Alternatively, peel the ginger with a vegetable peeler.
Fresh ginger is a staple in my kitchen. It is an extremely versatile ingredient that shows up in any course, from savory to sweet, be it main, beverage, dessert, or salad. It can even be medicine — hot ginger tea with lemon, honey and brandy will cure what ails you! In short, fresh ginger is essential to my cooking. Read on for my methods for peeling and mincing fresh ginger.
First, a side note: Fresh ginger is technically a rhizome but common parlance is to call it a root, so I will do so here.
When purchasing fresh ginger, look for firm, moist roots that feel heavy for their size. There will often be a rough, dried patch where a section of the root was cut or broken off. No need to worry about that, but do not purchase if the root itself is dried and shriveled. If you are shopping for ginger and only need a small amount, it is OK to break off what you need (often recipes charmingly call for a 'thumbs worth' of ginger) but be sure that what you are leaving behind is desirable for the next shopper.
Ginger will be OK on your kitchen counter for a few days but if you want to store it longer, wrap it in paper towels and then in plastic and keep it in your refrigerator's crisper. It can also be frozen if tightly wrapped in plastic. Many people peel and mince their ginger first before freezing it, for added convenience.
Ginger does have a season, despite the fact that we see it year-round in most markets. Young ginger can be found in the spring, usually in Asian markets and should be experienced! It isn't as strong as the older grocery store ginger. It has a fresh lively taste and a less fibrous texture, with hardly any skin so it doesn't need to be peeled (see below.)
Fresh ginger doesn't always have to be peeled, even though you will encounter this instruction in most recipes. If the ginger is young and the skin is very fine and clings to the root, or if it is going to be finely chopped and mixed in with many other things, you can skip the peeling step. Peel only when you have aesthetic concerns or if you're chopping the ginger in a large dice and you don't want the texture of the skin to be experienced.
I prefer the spoon method for peeling ginger, but have included the peeler method as an alternative. I do not recommend peeling your ginger with a knife unless you are very skilled and dexterous with your knife. Even then you will take a fair amount of the ginger flesh along with the peel. The truth is, the spoon method will scrape off only the peel and is just as quick!
How To Peel and Mince Ginger
What You Need
Spoon, preferably one with a thin edge
Large sharp knife
1. Peeling ginger with a spoon. Using the edge of the spoon with the convex of the bowl facing towards you, scrape away the ginger's papery skin using firm, downward strokes. You can anchor the root on a cutting board or hold it in your other hand, either will work. Scrape away as much as needed from the larger root (the rest of the root will give you a nice 'handle' to steady the process) or the whole piece if that's what's needed. The spoon will make it easier to work your way over and around all the little nubs. With a spoon, pretty much just the skin will be removed.
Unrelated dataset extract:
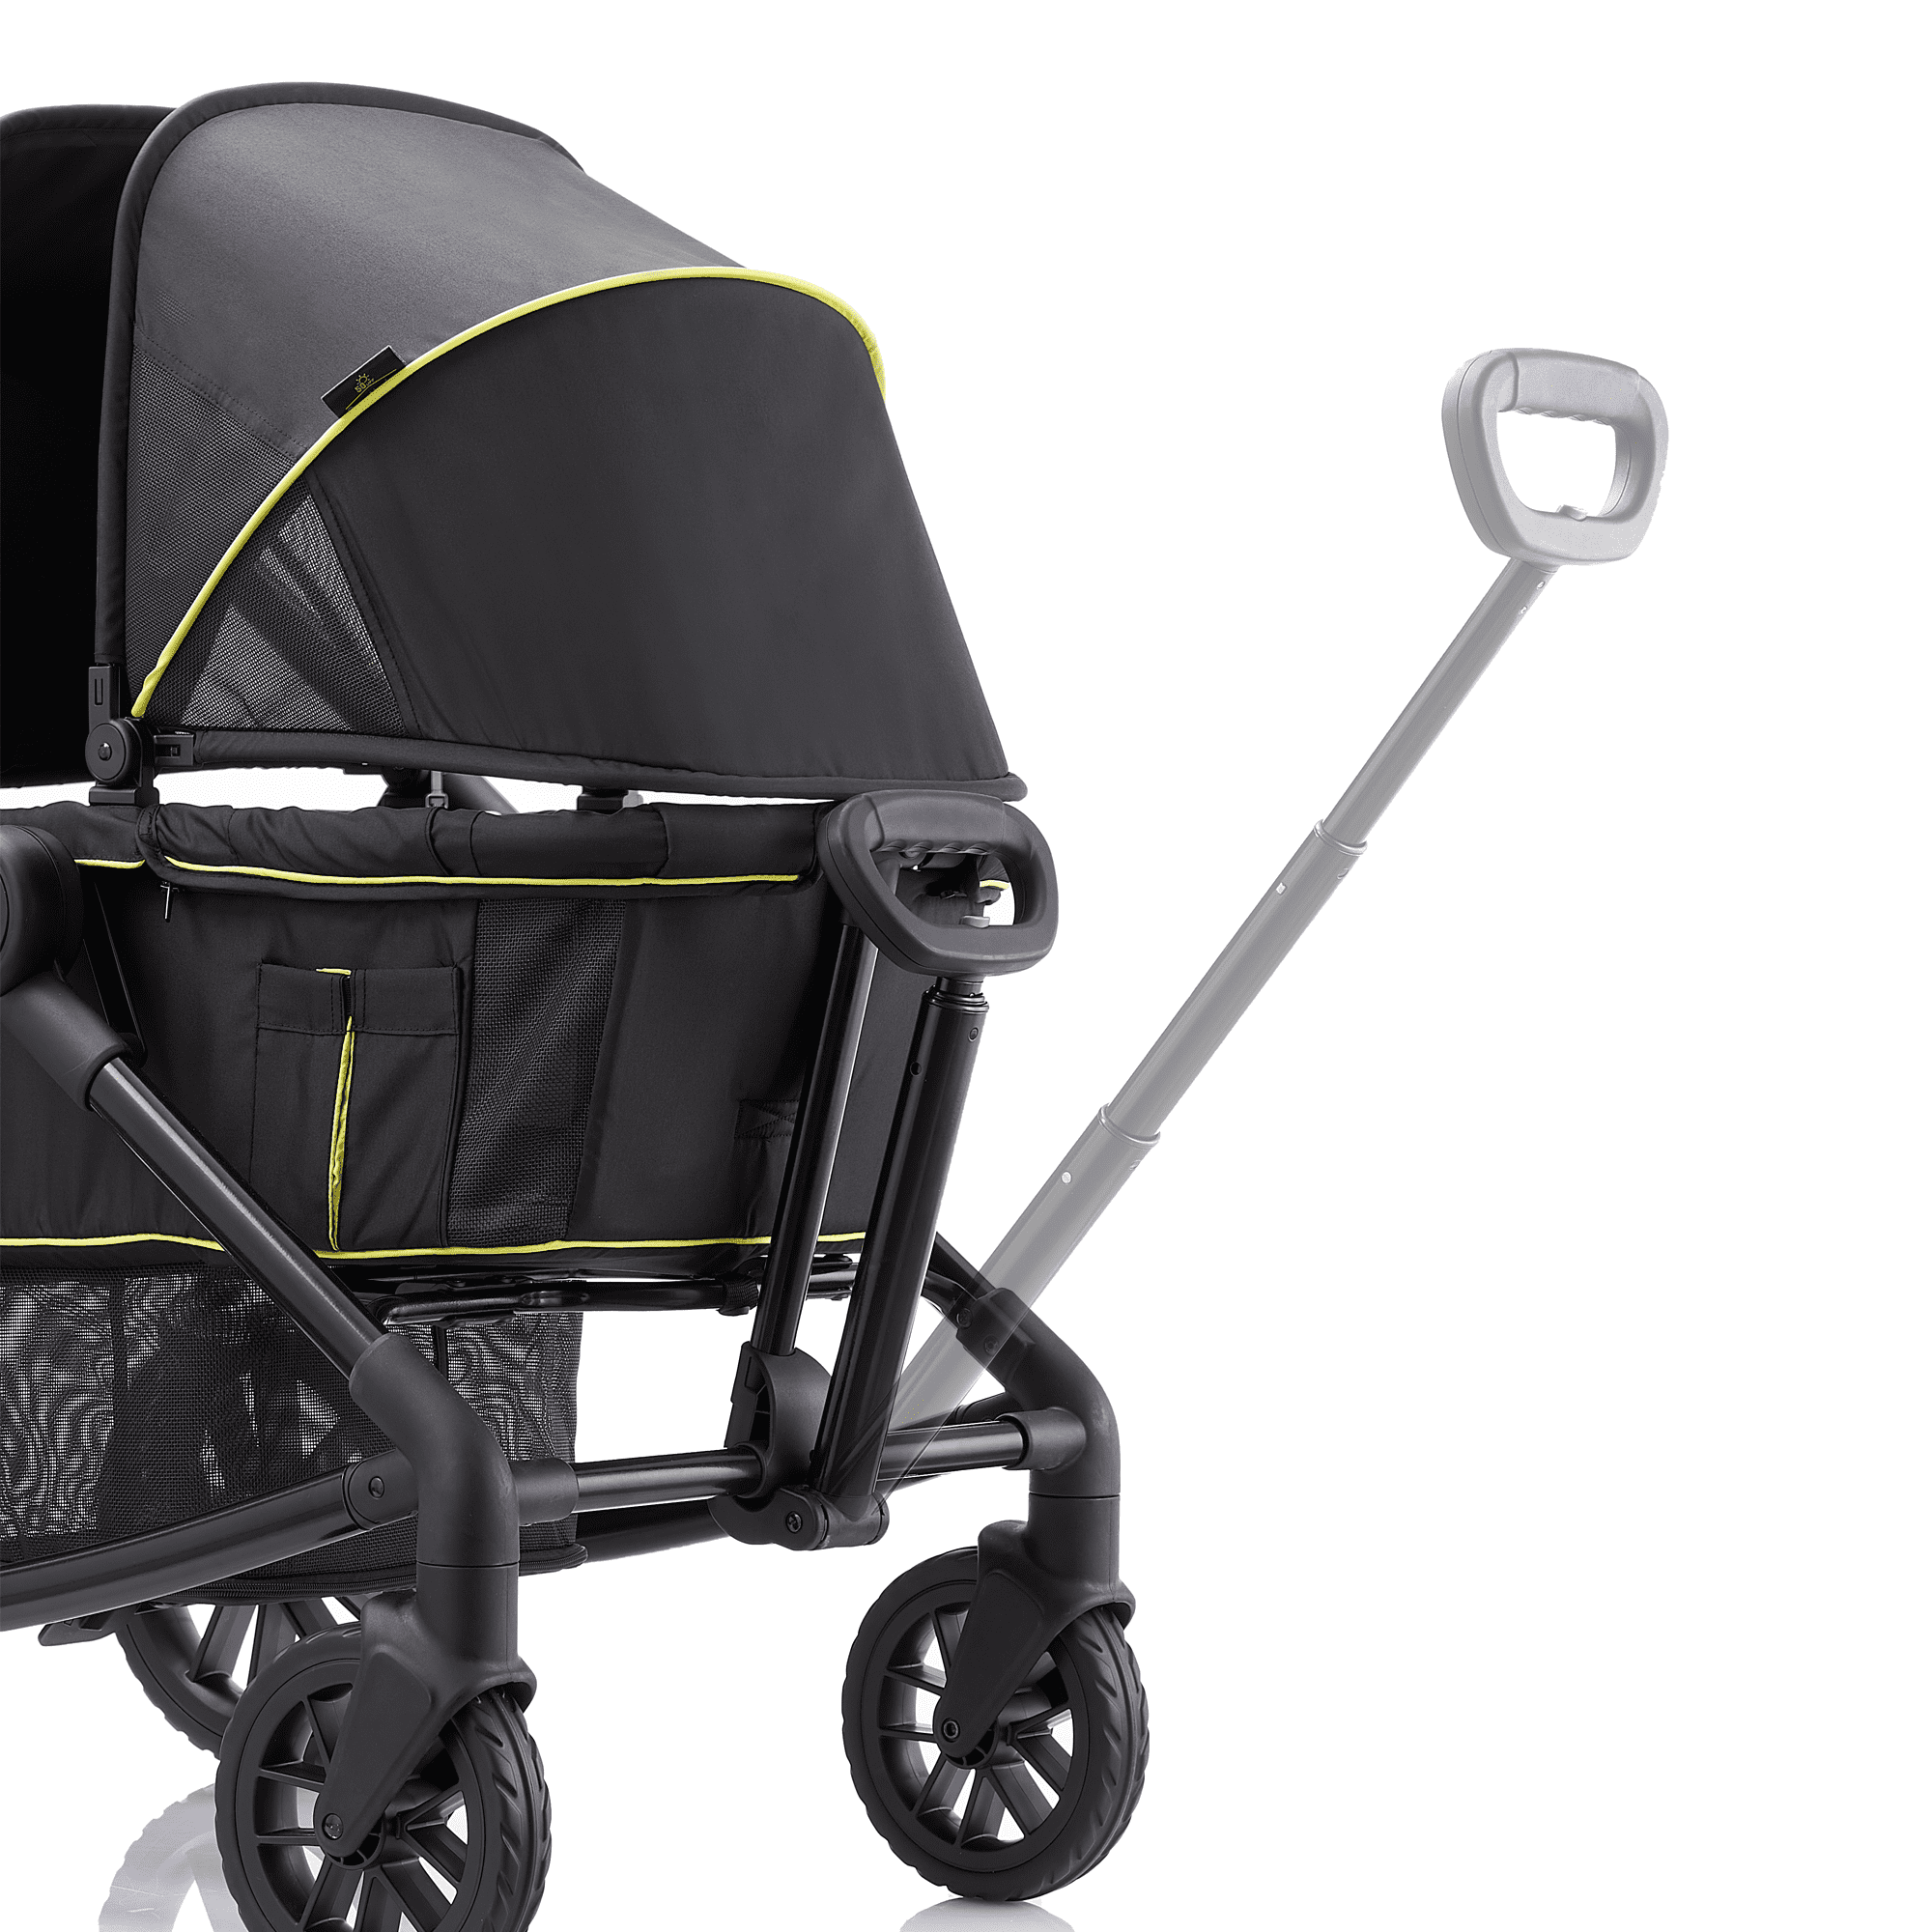 Pamo Babe Unisex 2-Seat Wagon Stroller Folding Baby Stroller with Adjustable Canopy, 6 months - 5 years old

2. Peeling ginger with a vegetable peeler. In the same way you would use the spoon, peel the skin from the root. You will need a little more caution here as you can potentially cut yourself with the peeler and you will also notice that you are taking off some of the flesh. The peeler should be able to handle the bumps and nubs but again, use caution as this is the classic place to slip and cut yourself.
3. Mincing ginger by hand.
Cut the ginger into coins. Using a large, sharp knife, cut the peeled ginger crosswise into coins. The thickness of the coins will determine how fine your mince will be: thinner coins will yield a finer mince.
Cut the coins into matchsticks and then tiny cubes. Stack a few coins up. Do not make too high of a pile as the coins can easily slip when cutting and cause you to loose control of your knife. Cut the matchstick crosswise into a mince. Repeat with remaining coins.
Chop again if needed. I sometimes take my knife and chop it while moving it through the whole pile to chop any bigger pieces that I may have missed the first time. This is sometimes called 'running your knife through.'
4. Mincing ginger on the microplane. The microplane is an excellent tool if you want superfine, even pureed, ginger. It will often create some juice, so be sure to use it over a plate or bowl. Simply rub your ginger on the microplane using a fair amount of pressure, being cautious as you get to the end of your piece as you can easily scrape your fingers on its razor sharp surface. You may have to scrape the ginger pulp off of the back of the microplane or give it a firm whack to dislodge the ginger. This method and its results are similar to what you would get if you used a traditional asian ginger grater.